Imbruvica works by blocking the enzyme that allows cancer cells to grow and divide. In November 2013, the FDA granted Imbruvica accelerated approval to treat patients with mantle cell lymphoma, a rare and aggressive type of blood cancer, if those patients received at least one prior therapy.
“Today’s approval provides an important new treatment option for CLL patients whose cancer has progressed despite having undergone previous therapy,” said Richard Pazdur, M.D., director of the Office of Hematology and Oncology Products in the FDA’s Center for Drug Evaluation and Research. “The FDA completed its review of Imbruvica’s new indication under the agency’s accelerated approval process, which played a vital role in rapidly making this new therapy available to those who need it most.”

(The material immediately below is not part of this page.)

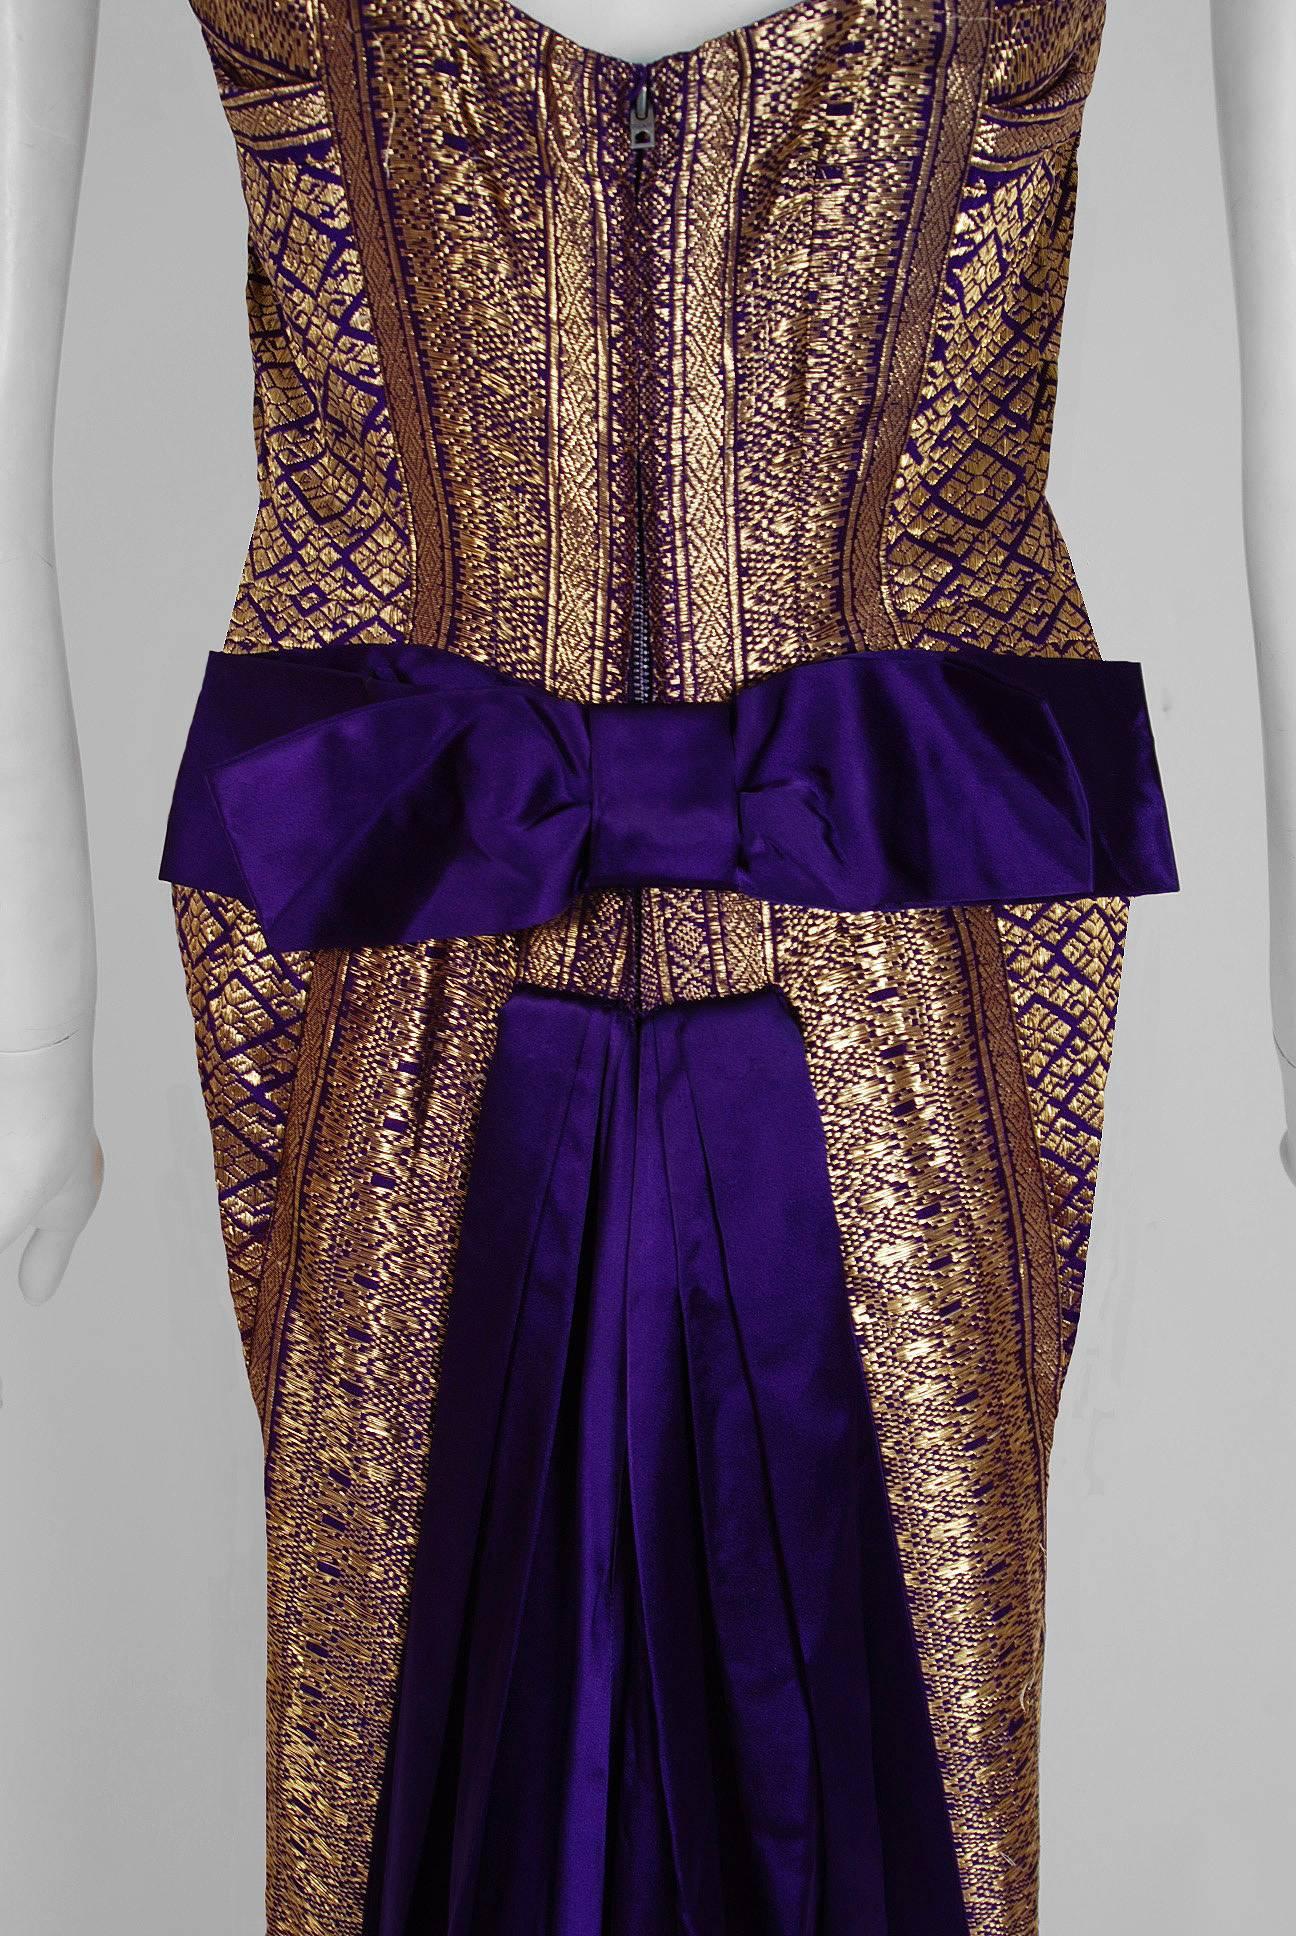 Women's 1955 Maggy Rouff Haute-Couture Metallic Gold & Purple Silk Satin Trained Gown

Under the agency’s accelerated approval process, the FDA may approve a drug based on a surrogate or intermediate endpoint that is reasonably likely to predict clinical benefit. Drugs receiving accelerated approval are usually subject to an agreement to conduct confirmatory trials verifying and describing clinical benefit. Imbruvica for CLL also received priority review and orphan-product designation because the drug demonstrated the potential to be a significant improvement in safety or effectiveness in the treatment of a serious condition and is intended to treat a rare disease, respectively.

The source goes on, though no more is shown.